KV cache quantization on DGX Spark GB10 works as expected:

q4_0 saves 72% KV buffer memory (216 MiB vs 768 MiB for f16)
q8_0 saves 47% KV buffer memory (408 MiB vs 768 MiB for f16)
Prompt throughput is unaffected by cache quantization at all context lengths
Generation throughput degrades ~37% at 110K context with q4_0 (24 tps vs 38 tps for f16)

Memory (Corrected — nvidia-smi + llama.cpp internals)

Cache Type	KV Buffer (llama.cpp)	Total GPU (nvidia-smi)	Savings vs f16
f16	768 MiB	23,092 MiB	baseline
q8_0	408 MiB	22,732 MiB	-360 MiB (-47% KV)
q4_0	216 MiB	22,540 MiB	-552 MiB (-72% KV)

At 110K context:

Cache Type	GPU Memory	vs f16
f16	23,116 MiB	baseline
q8_0	22,856 MiB	-260 MiB
q4_0	22,664 MiB	-452 MiB

Throughput

Prompt Processing (tokens/sec) — No degradation

Context	f16	q8_0	q4_0
~1.5K	923	925	926
~6K	1,211	1,207	1,206
~12K	1,188	1,184	1,191
~24K	1,153	1,149	1,152
~110K	815	810	813

Prompt throughput is essentially identical across all cache types at all context lengths.
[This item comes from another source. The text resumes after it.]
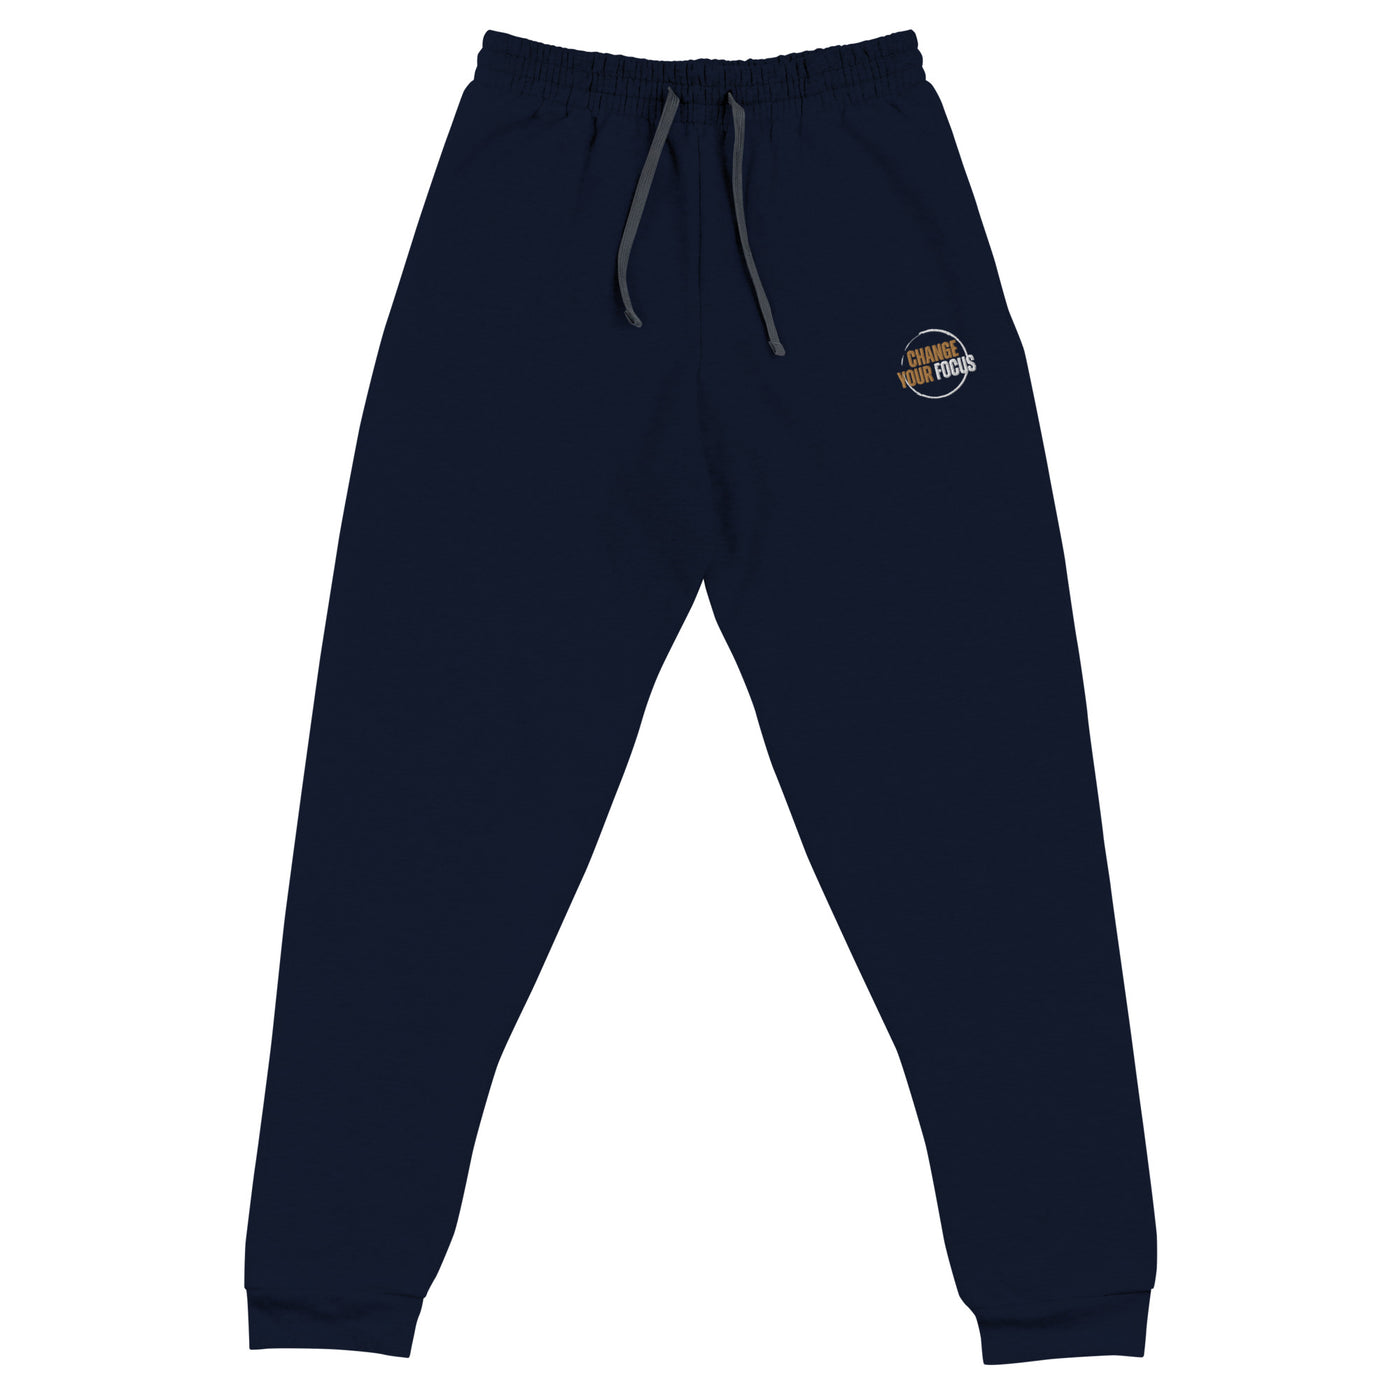 Men's Navy Embroidered Joggers - Change Your Focus

Generation (tokens/sec) — Degrades at long context

Context	f16	q8_0	q4_0	q4_0 vs f16
~1.5K	45.2	45.3	45.6	+0.9%
~6K	44.7	44.9	45.0	+0.7%
~12K	44.9	42.9	42.7	-4.9%
~24K	44.6	39.7	39.3	-11.9%
~110K	38.0	25.0	24.0	-36.8%

Generation (decode) throughput degrades with quantized KV cache at long context. At 110K tokens, q4_0 is 37% slower than f16 for generation. q8_0 is similar at 34% slower.

Test Setup

Model:     Nemotron-3-Nano-30B-A3B-UD-Q4_K_XL.gguf
Hardware:  NVIDIA DGX Spark GB10 (compute 12.1, 124,610 MiB VRAM)
OS:        DGX OS / Ubuntu aarch64
llama.cpp: build 8399 (commit 892e3c333), aarch64 + CUDA
CUDA:      13.0 | Driver: 580.126.09
Flags:     --ctx-size 131072
Protocol:  Server restarted between each configuration
Memory:    nvidia-smi --query-compute-apps for GPU memory
KV size:   llama.cpp verbose output (llama_kv_cache line)
Throughput: llama.cpp response timings via /v1/chat/completions

What Was Wrong in v1

The original paper (March 31) made two incorrect claims:

"92.5% prompt throughput collapse at 64K" — Wrong. Prompt throughput is unaffected by cache quantization. The original data likely came from failed completion requests. The actual effect is a 37% generation speed reduction at 110K context.
"q4_0 uses MORE memory than f16" — Wrong. This was measured via process RSS, which does not capture GPU/unified memory allocations on GB10. Actual measurement via nvidia-smi + llama.cpp shows q4_0 saves 552 MiB as expected.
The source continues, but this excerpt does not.